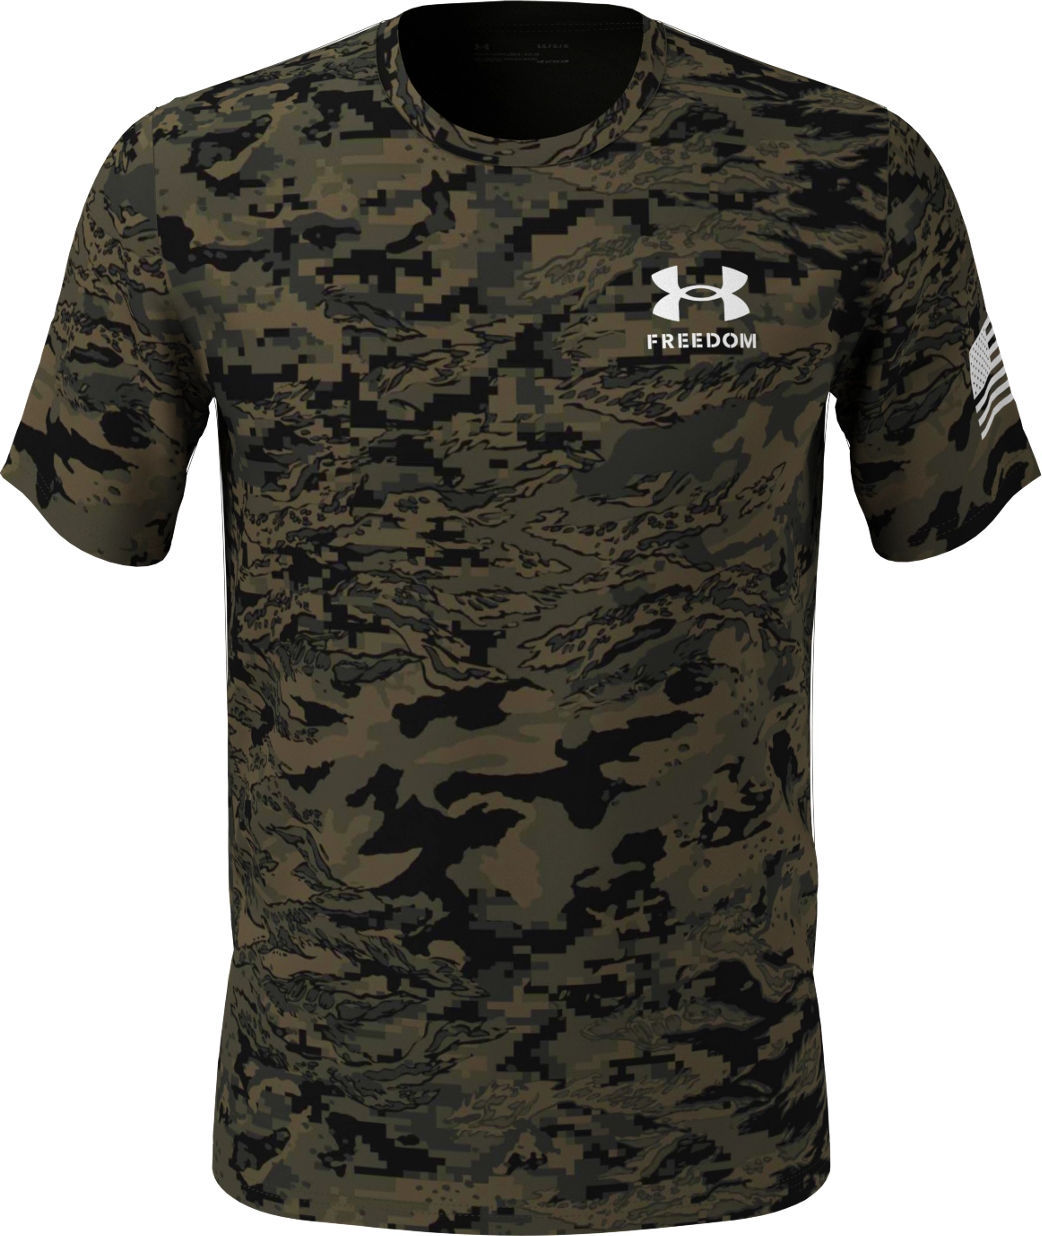 E167443 Under Armour Men's New Freedom Camo T-Shirt 1370822
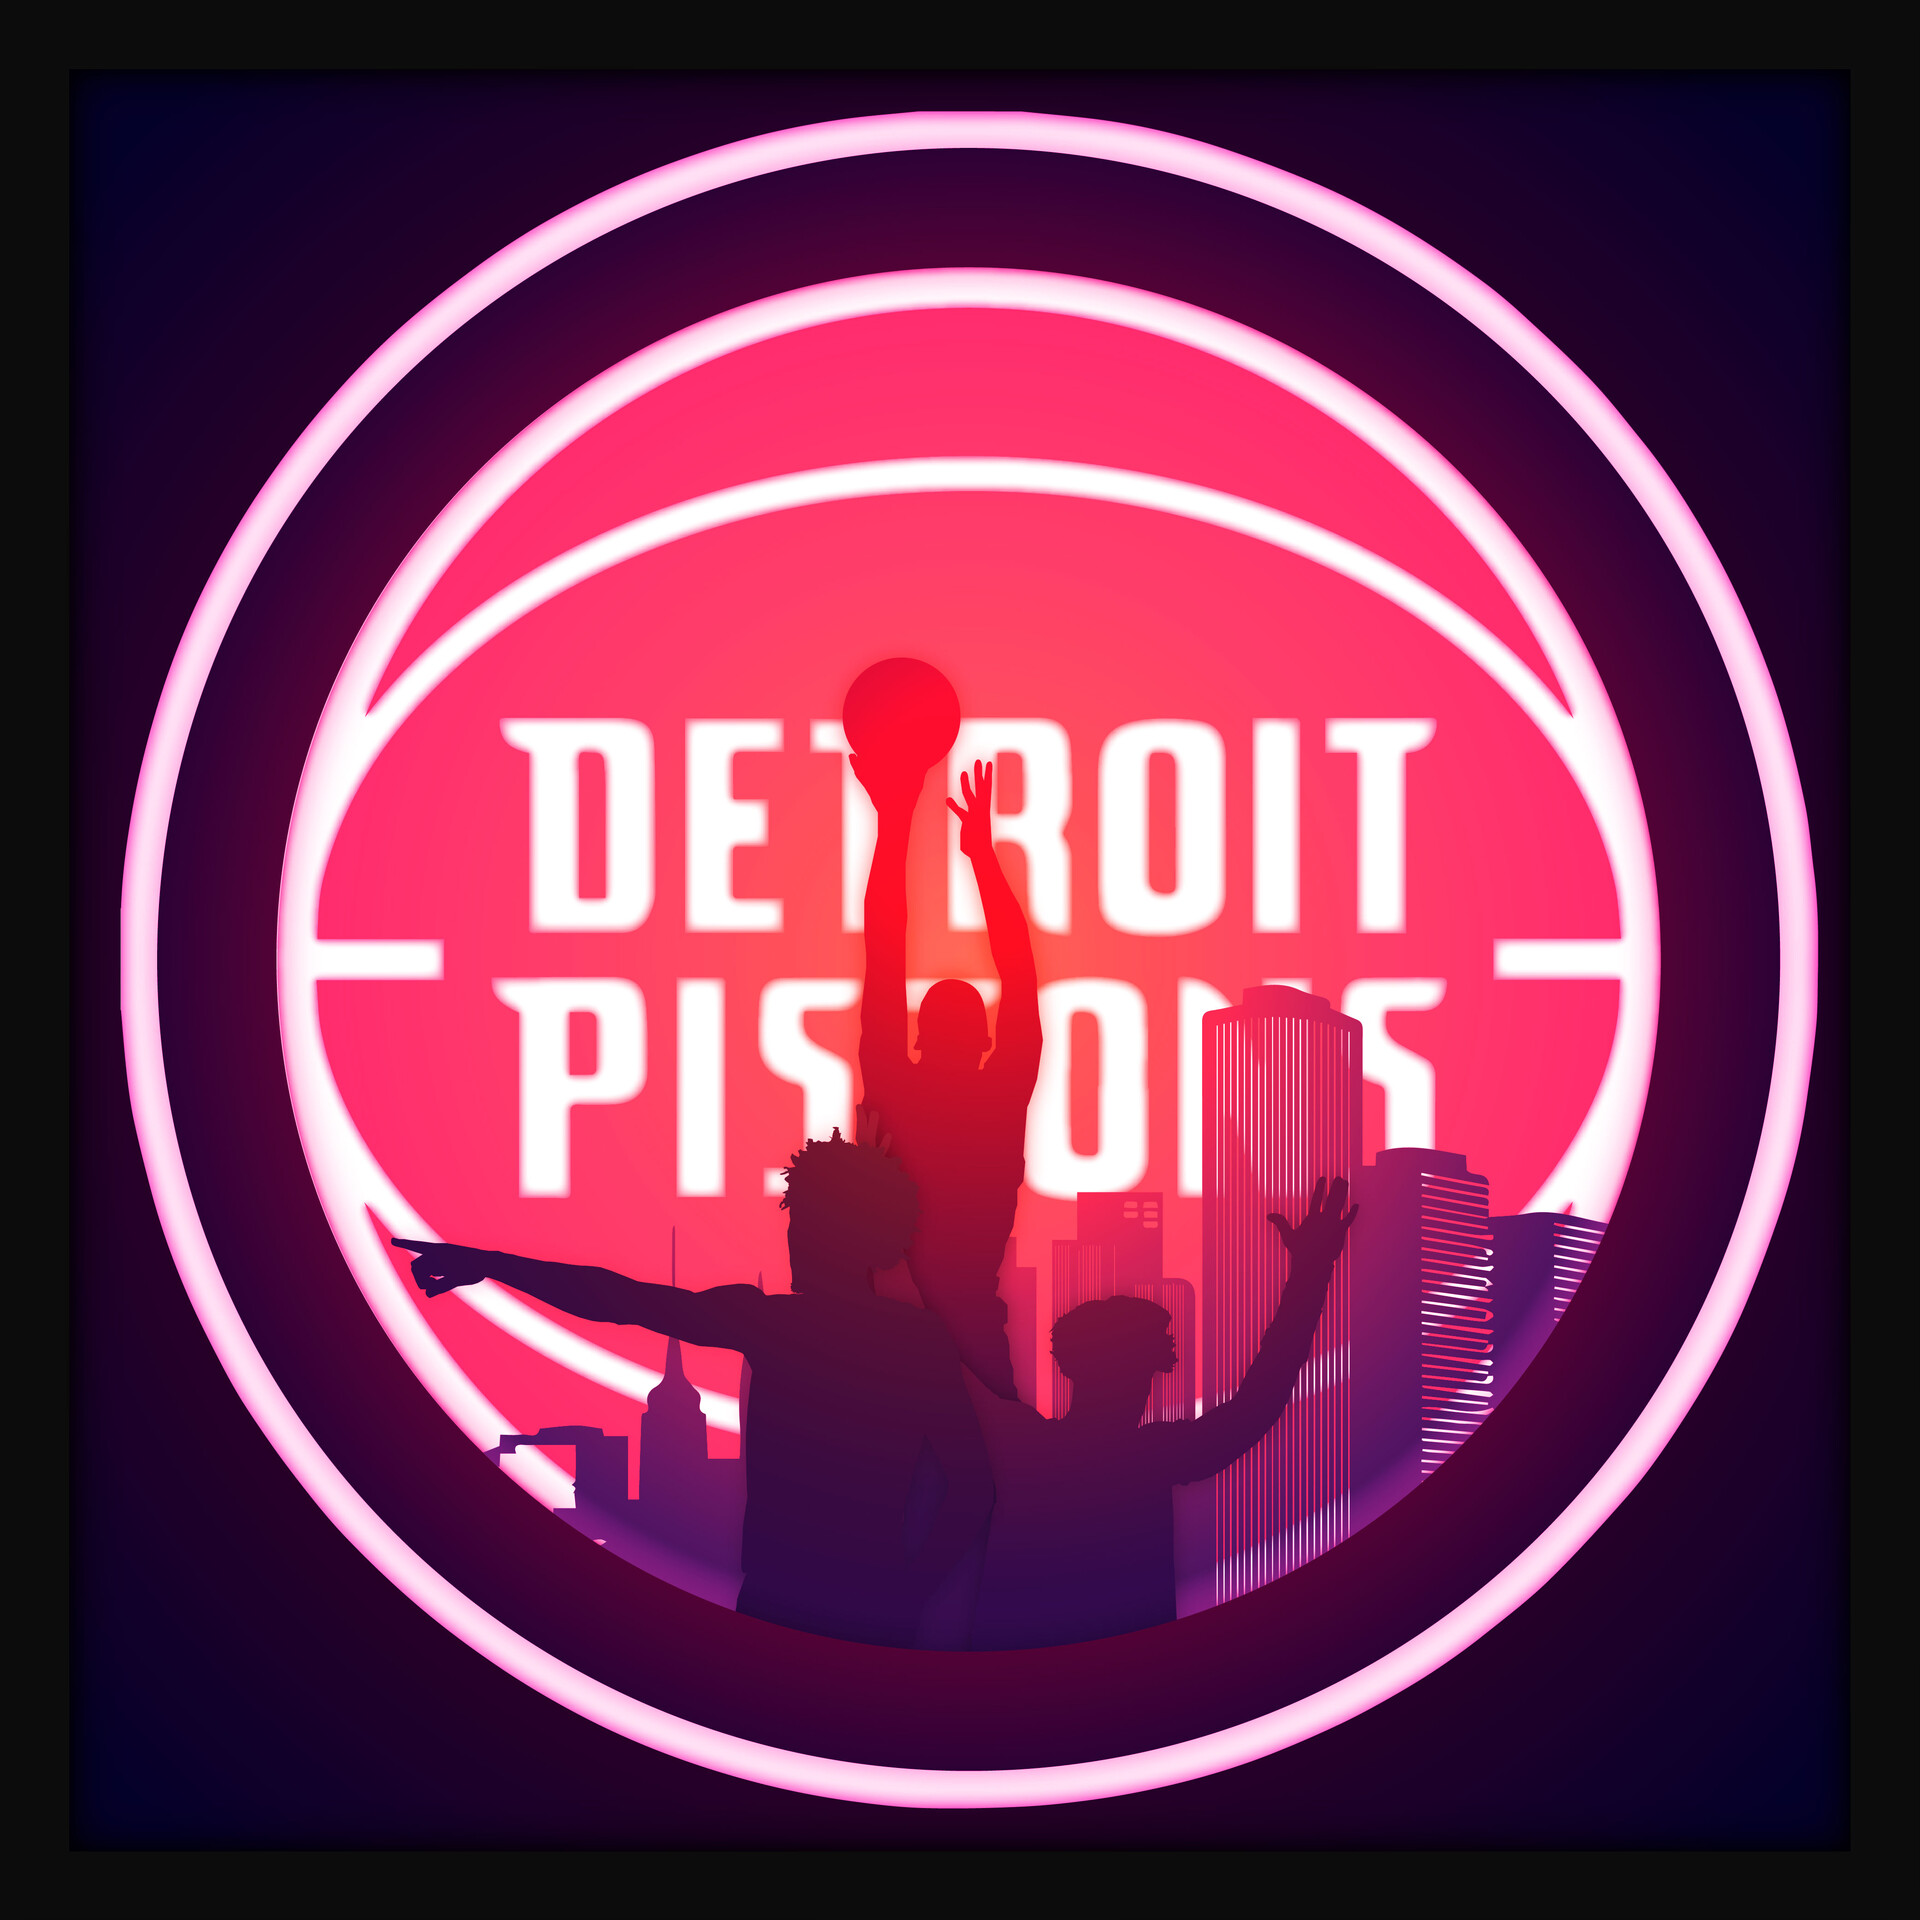 ArtStation - Detroit Pistons Lightbox
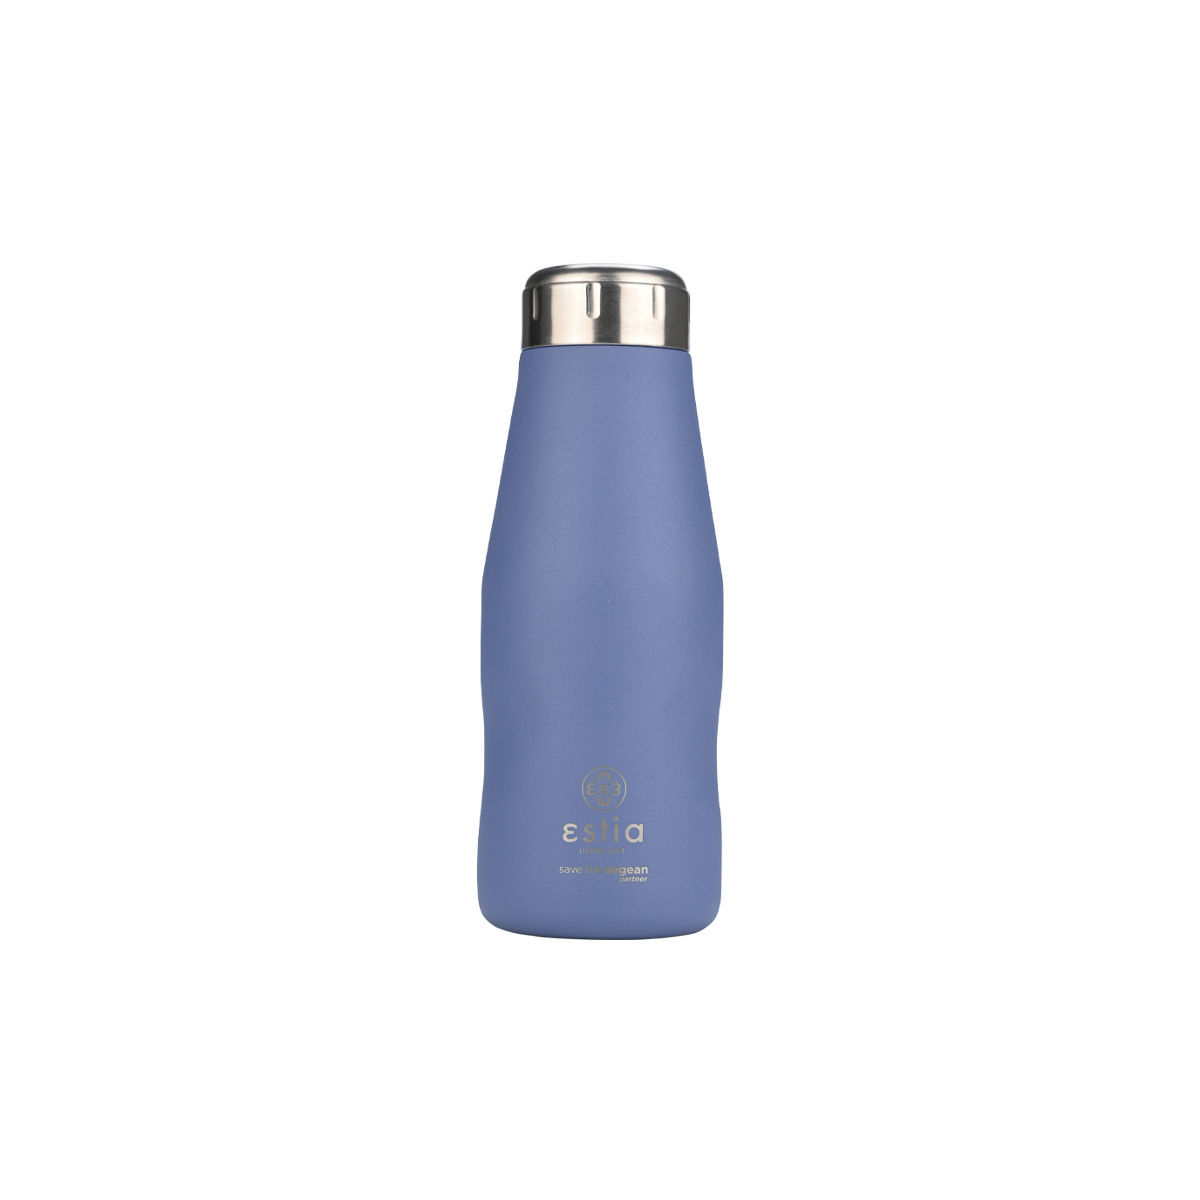 Θερμός-Μπουκάλι Ανοξείδωτο Denim Blue Flask Save The Aegean Estia 350ml-6,5×6,5×18,5εκ. 01-22341 (Υλικό: Ανοξείδωτο, Χρώμα: Μπλε) – estia – 01-22341
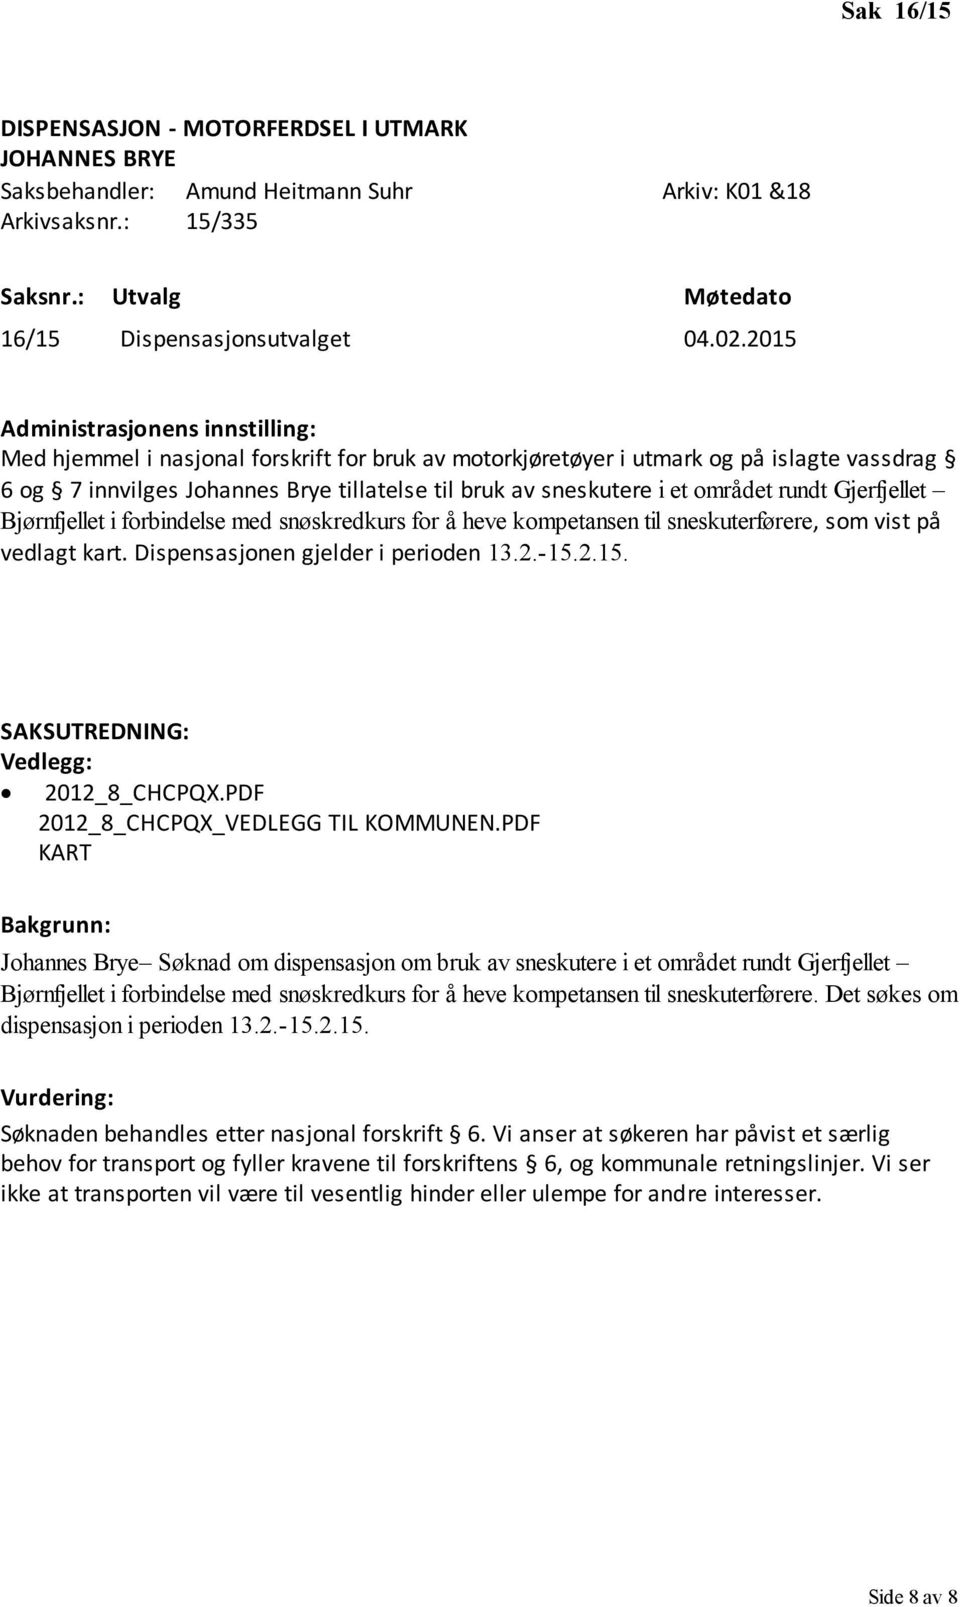 Bjørnfjellet i forbindelse med snøskredkurs for å heve kompetansen til sneskuterførere, som vist på vedlagt kart. Dispensasjonen gjelder i perioden 13.2.-15.2.15. 2012_8_CHCPQX.

--- --- ---

Repeat verbatim the lines from the one with "Θερμός-Μπουκάλι Ανοξείδωτο Denim" through the end of the listing above. Include both ends, add nothing, and exclude the pictures.

 Θερμός-Μπουκάλι Ανοξείδωτο Denim Blue Flask Save The Aegean Estia 350ml-6,5×6,5×18,5εκ. 01-22341 (Υλικό: Ανοξείδωτο, Χρώμα: Μπλε) – estia – 01-22341
 Bjørnfjellet i forbindelse med snøskredkurs for å heve kompetansen til sneskuterførere, som vist på vedlagt kart. Dispensasjonen gjelder i perioden 13.2.-15.2.15. 2012_8_CHCPQX.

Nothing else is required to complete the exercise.